**ABOUT THIS TASK**
A word-for-word copy of the records that follow is needed, with every picture omitted.

**SUPPLIED RECORDS**
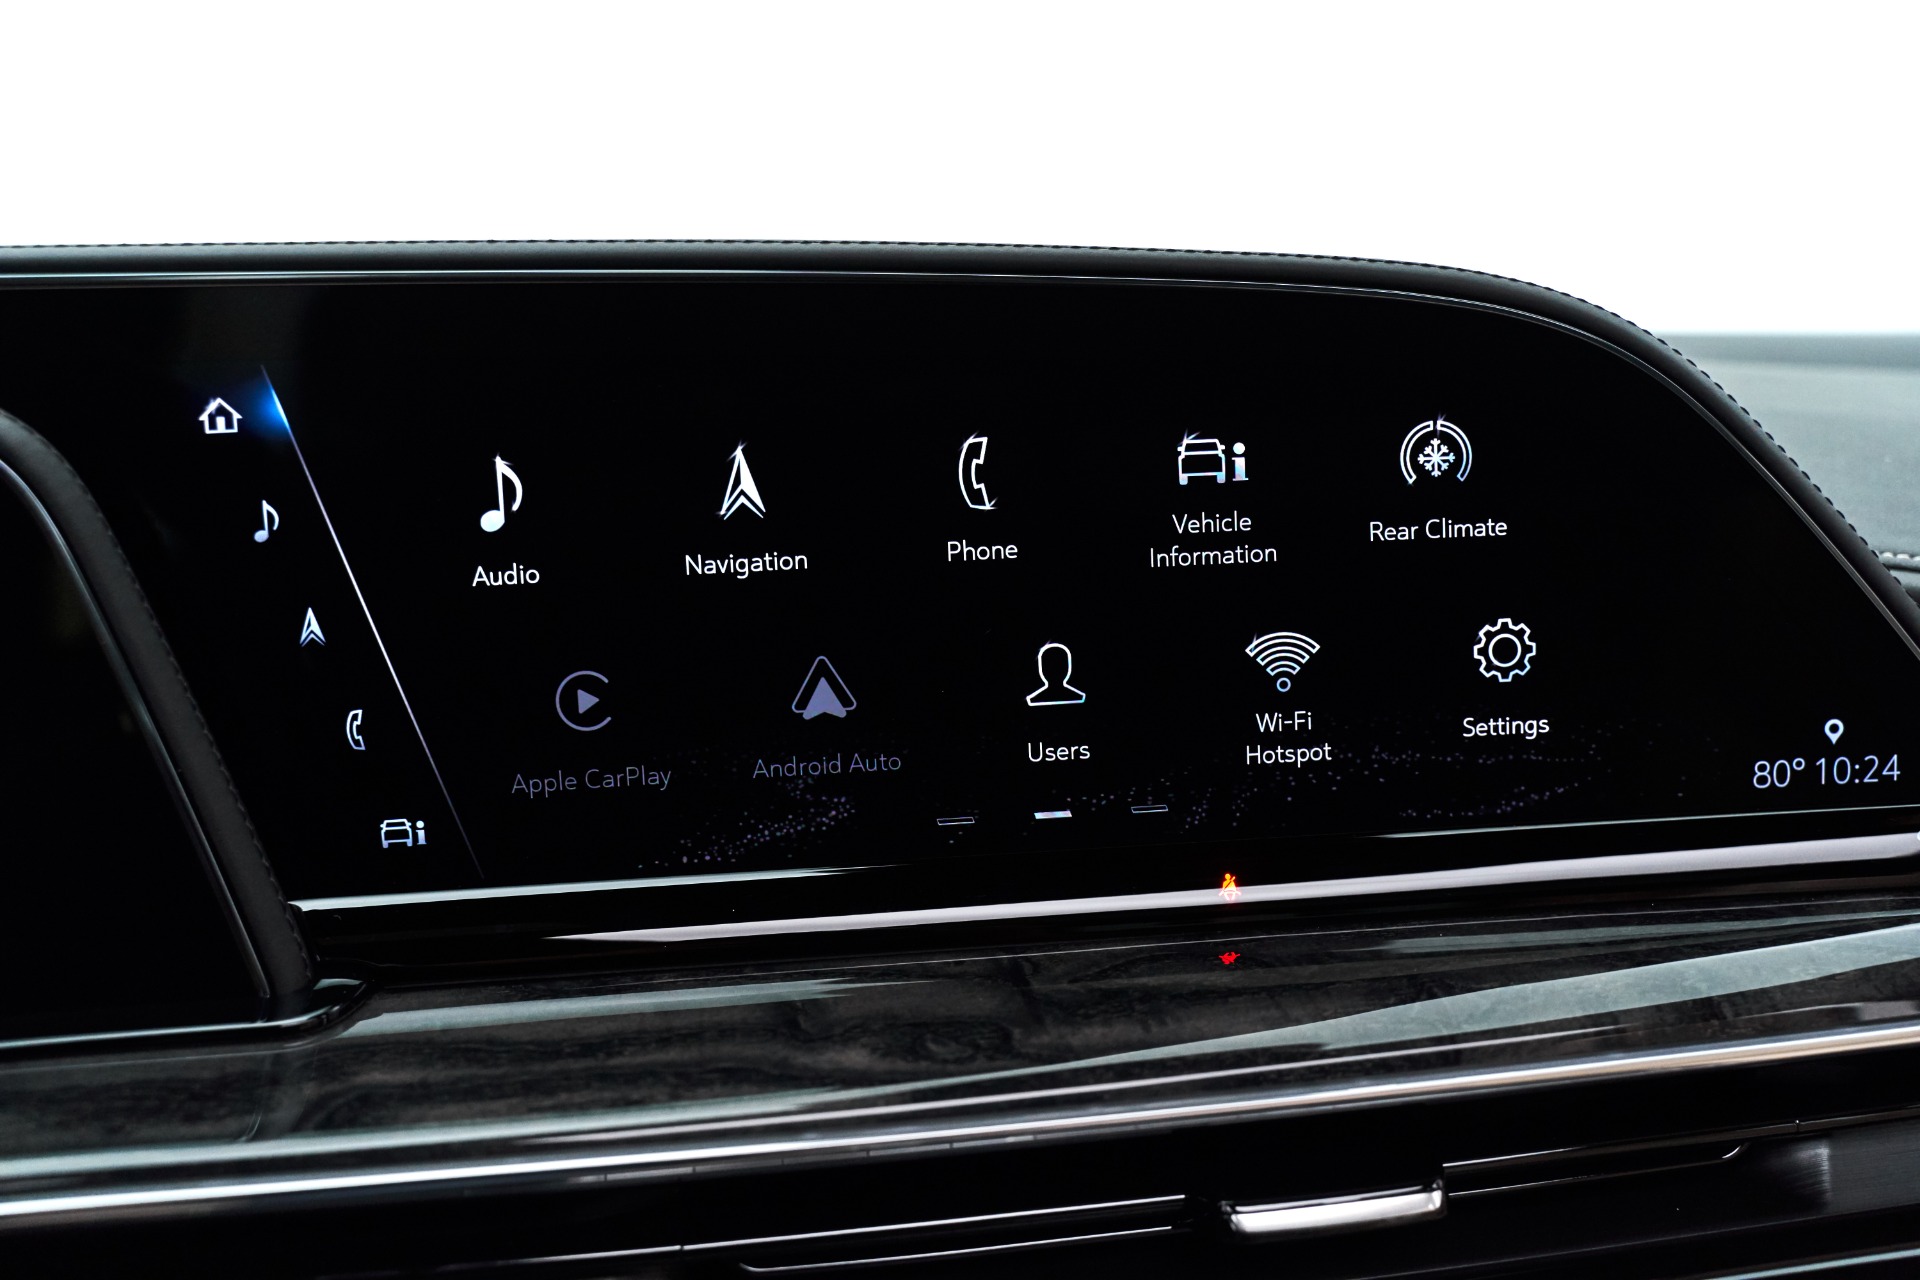 2021 Cadillac Escalade Vehicle Settings Heads-up Display Settings
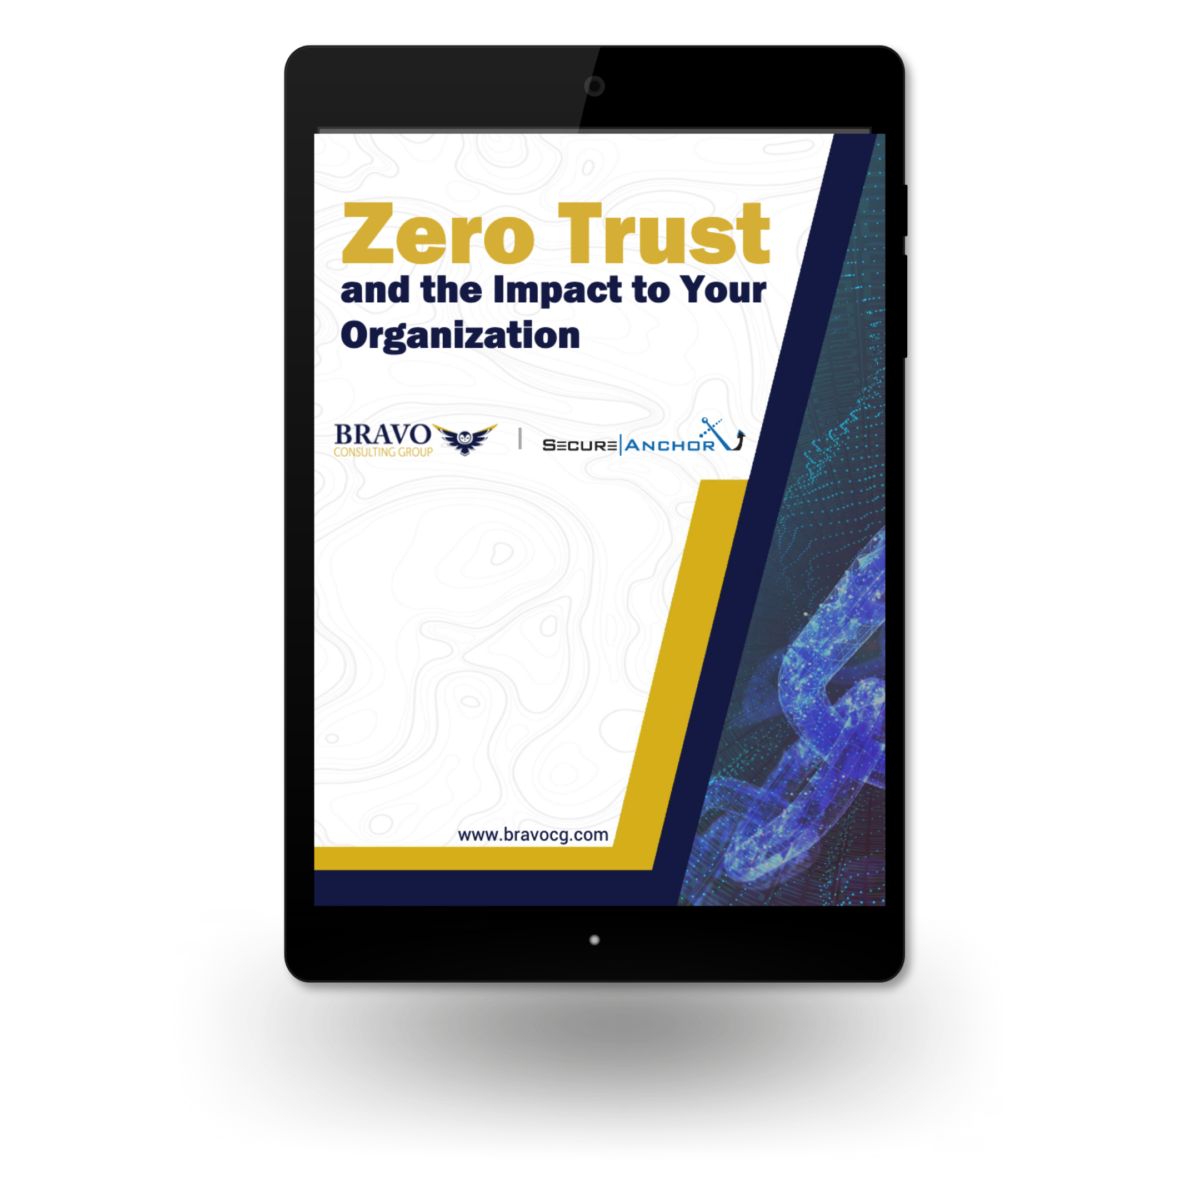 Zero trust ebook on tablet
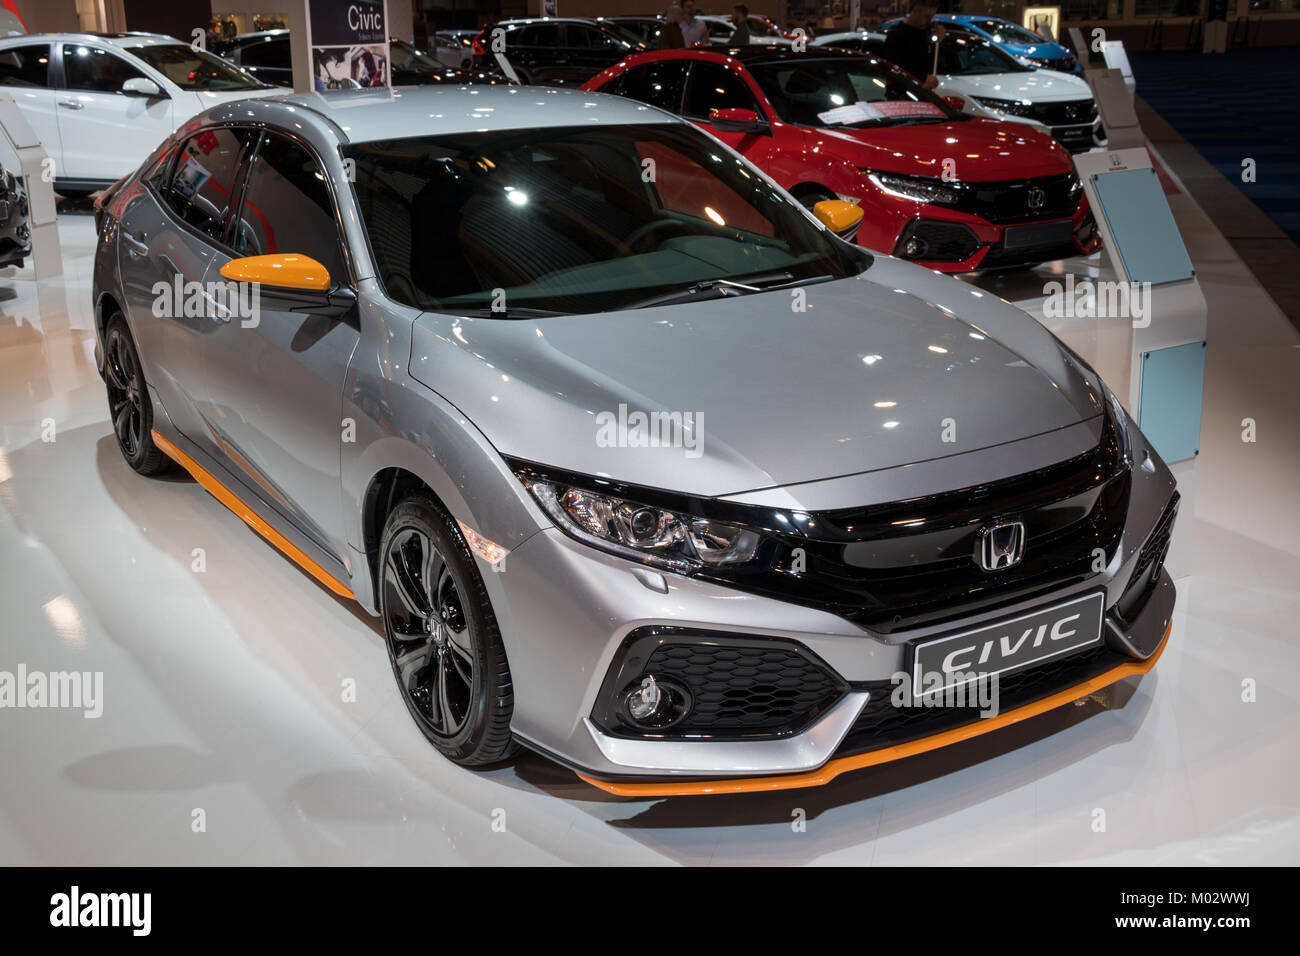 Brüssel - Jan 10, 2018: Honda Civic Auto auf dem Automobil-Salon in Brüssel vorgestellt. Stockfoto
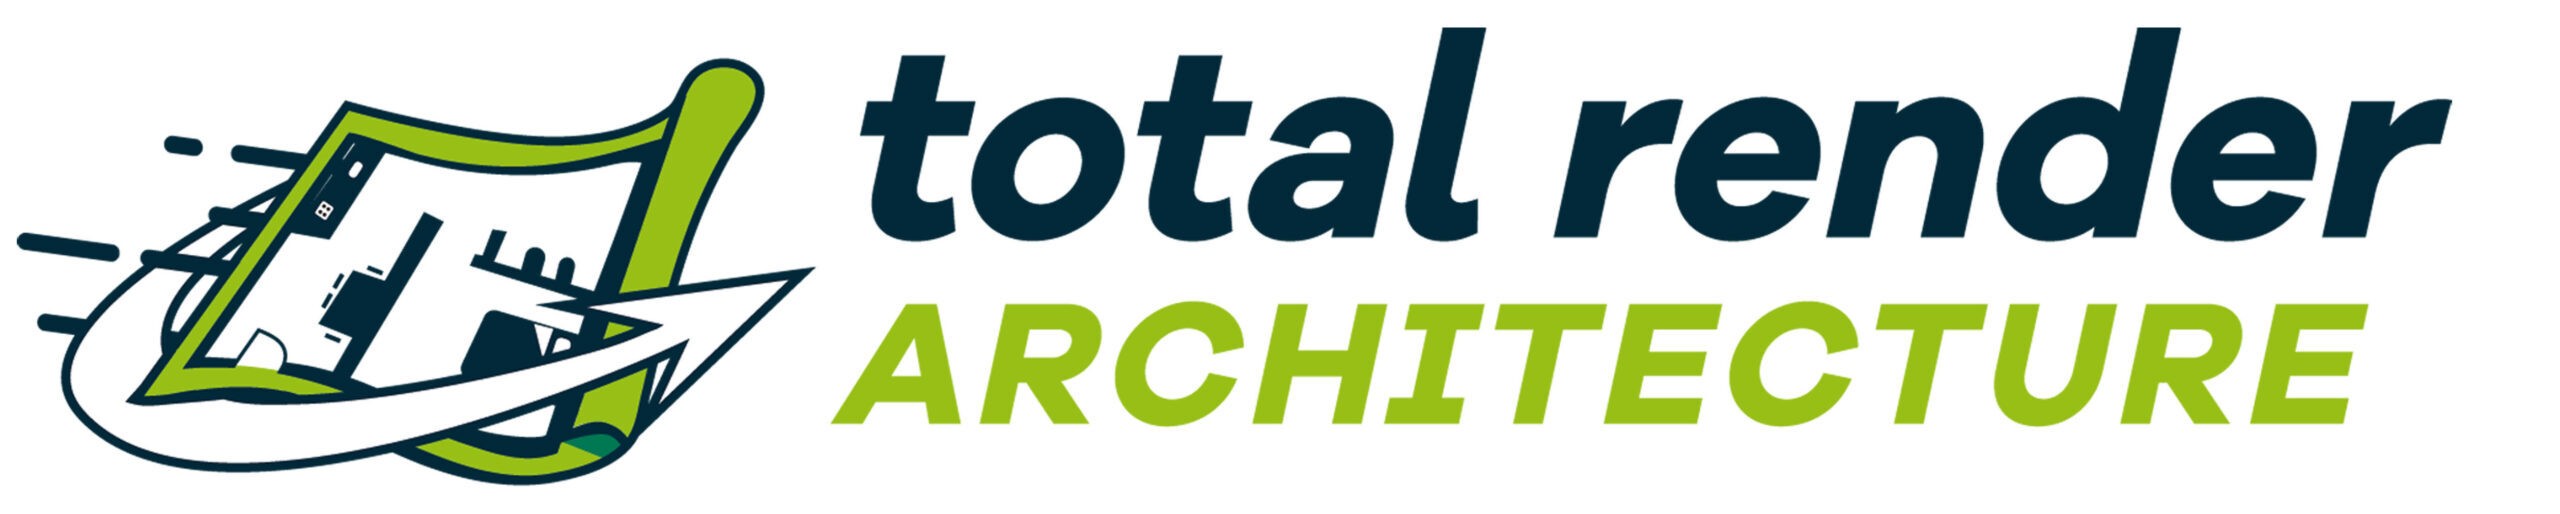 logo-total-render-architecture
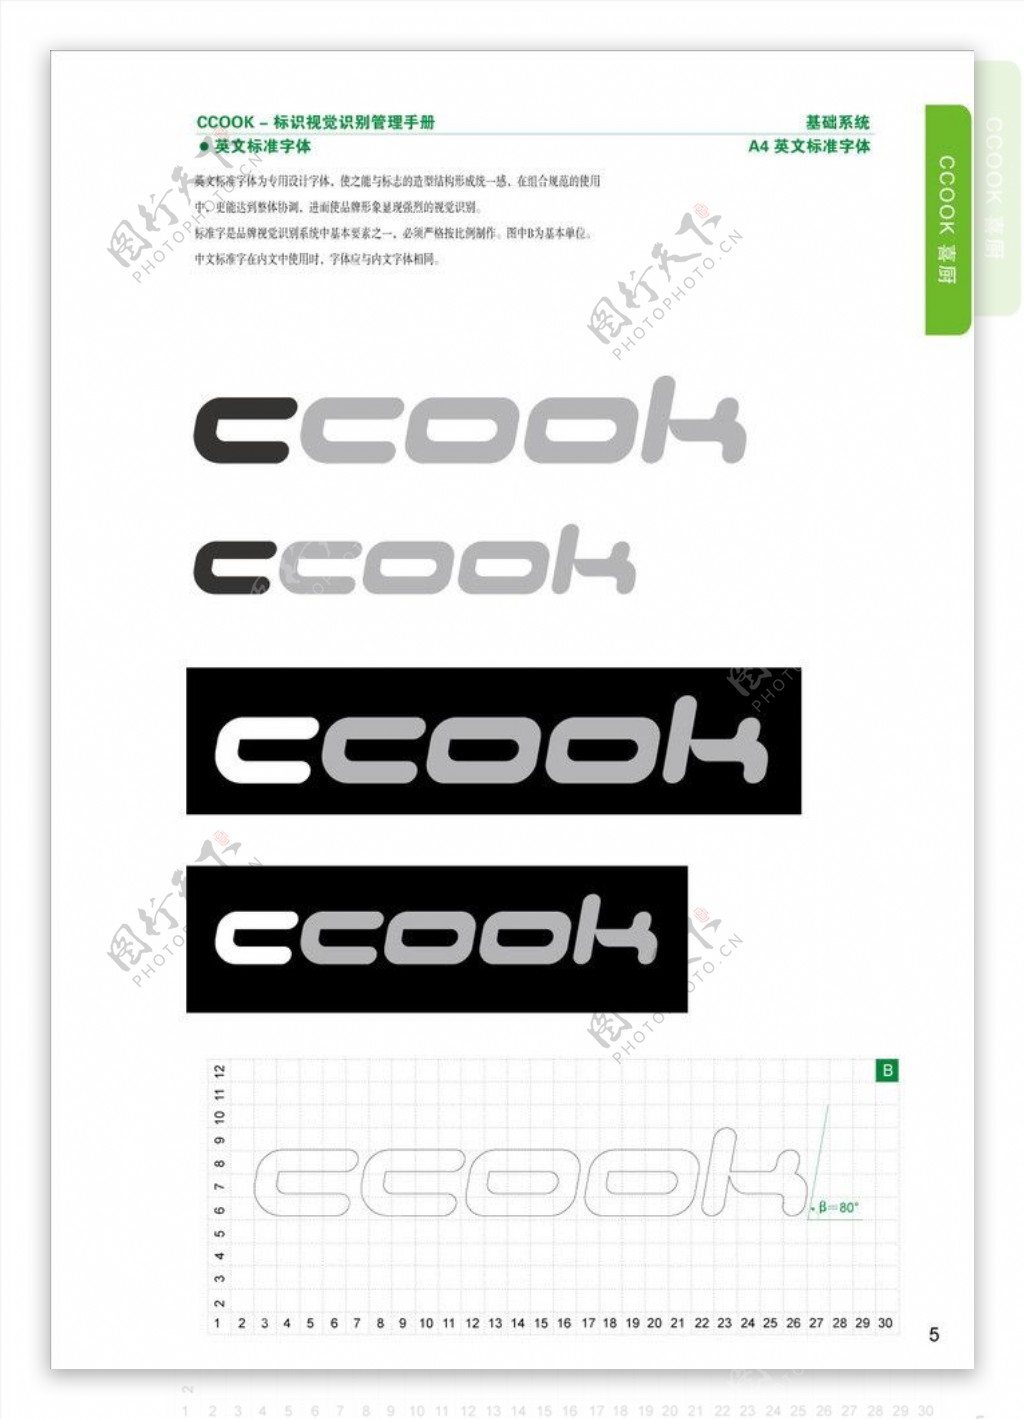 ccook标识英文标准字图片

**RESULT**
 2021 Cadillac Escalade Vehicle Settings Heads-up Display Settings
 Zero trust ebook on tablet
 Brüssel - Jan 10, 2018: Honda Civic Auto auf dem Automobil-Salon in Brüssel vorgestellt. Stockfoto
 logo-total-render-architecture
 ccook标识英文标准字图片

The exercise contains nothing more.